Educar a sociedade a partir da base (Parte I)

Na sua visita aquando da inauguração da centralidade Zango 8000 no dia e escolas no dia 19/12/2019, o Presidente João Lourenço fez um dedicatório – no quadro da sala de aula – nos seguintes termos:

15 Jan 2020 / 12:02 H.
Patrício Batsikama

“Às meninas e aos meninos desta Escola, votos de muito sucesso no processo de aprendizagem para que no futuro possam servir o nosso País em todas as áreas. O Futuro está na vossa geração. Feliz Natal e um Próspero Ano Novo para todos”.

Vamos reflectir bocado sobre a educação. Do modo geral, verifica-se que em Angola, logo no primeiro ano do ensino superior, os estudantes trazem (na sua maioria) capitais culturais muito baixos da média. Verifica-se, também, três preocupações no professorado:

(i) professores com pouca experiência, licenciados recém formados;

(ii) os poucos professores mestres e doutores que há não produzem realmente e, o que é curioso, não fomentam o saber;

(iii) asuniversidades dispõem de poucos recursos (falta de laboratórios, por exemplo), limitam-se no ensino e raras entre

elas realizam o lado empresarial para o desenvolvimento académico. No ensino médio, os professores se queixam da mesma situação e as preocupações são quase as mesmas. Isso nos remete ao ensino primário que é a base. Vamos expor, a seguir, uma visão que possa culminar com a supressão considerável dos indicadores de falta de qualidade na Educação Nacional.
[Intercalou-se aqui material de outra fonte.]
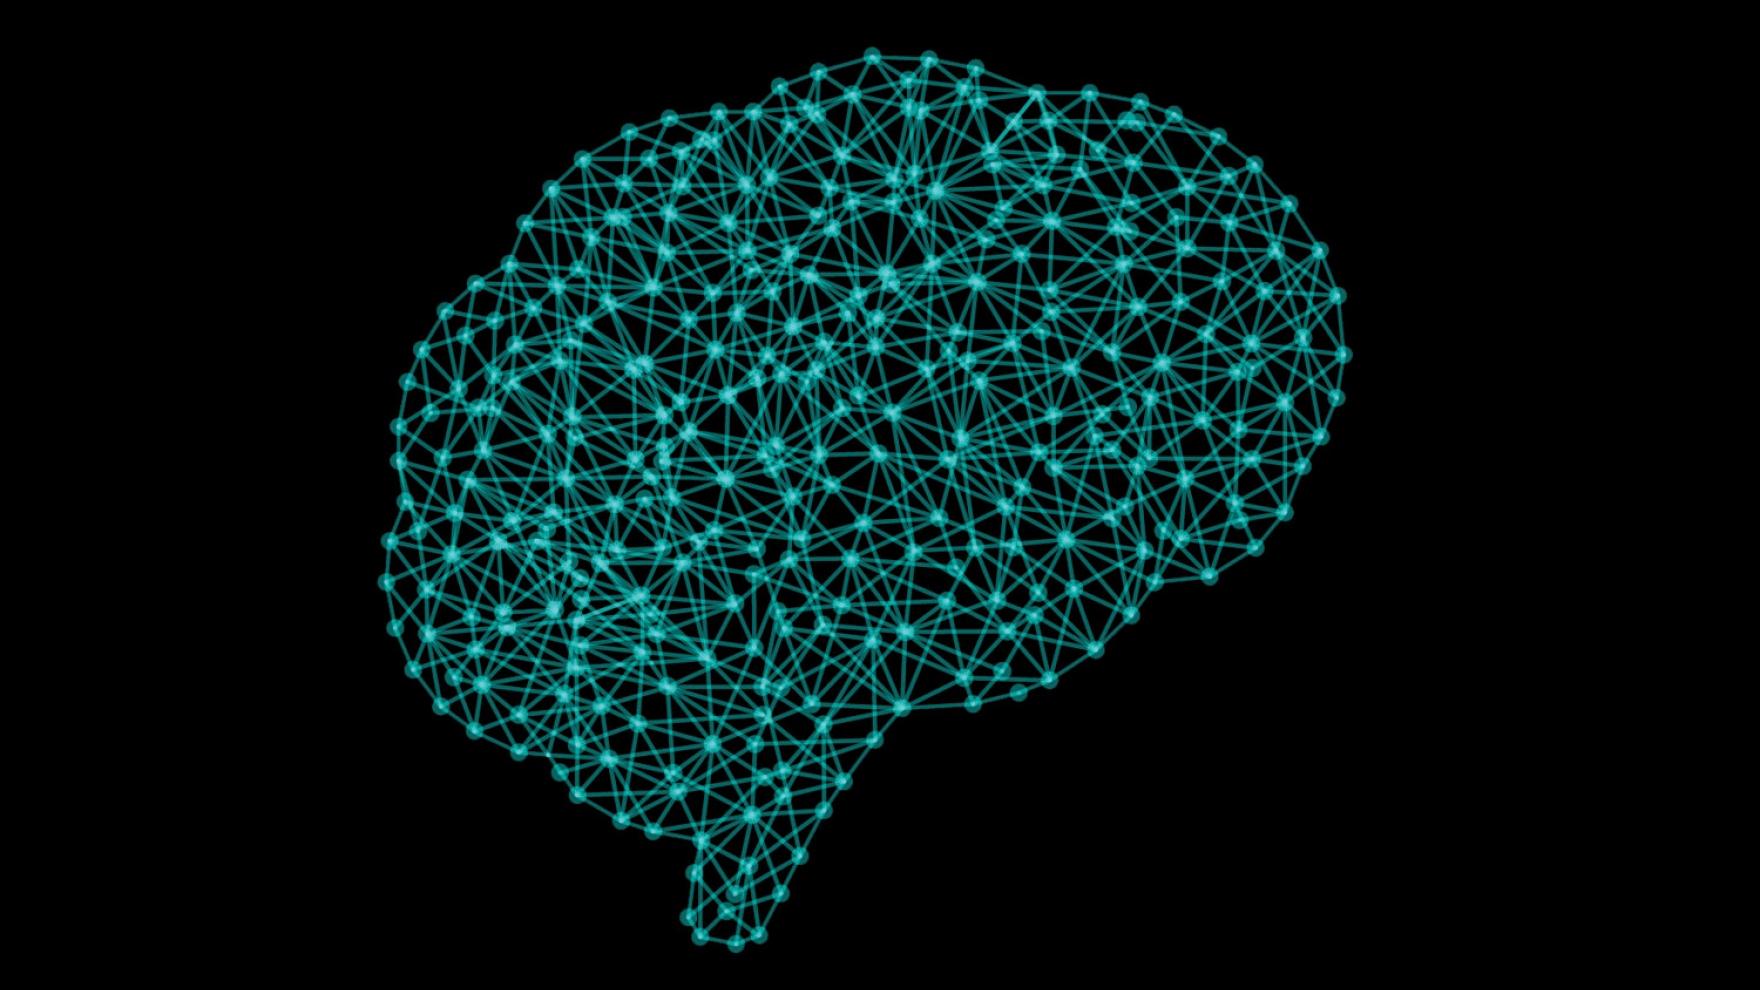 brain image network

A pergunta que se faz é:

Qual educação seria útil para Angola?

O mundo contemporâneo vive, simultaneamente, vários problemas associados ao sujeito tais como: submissão à

vontade externa, insatisfação profunda, desprezo identitário, pobreza mental e material, sofrimento diário, menosprezo social (exclusão), desconforto integracional, etc. A esses problemas, adicionamos a cultura de guerra no caso de Angola que enfrenta os ventos da “reforma educativa” assim como a notável tese sobre a “democracia na educação”. Para responder à pergunta feita, olhamos três campos:

(a) qualidade professoral e formação do professor;

(b) espaços da Educação e ferramentas;

(c) identidade educacional (e capital social por construir) e qualidade patriótica.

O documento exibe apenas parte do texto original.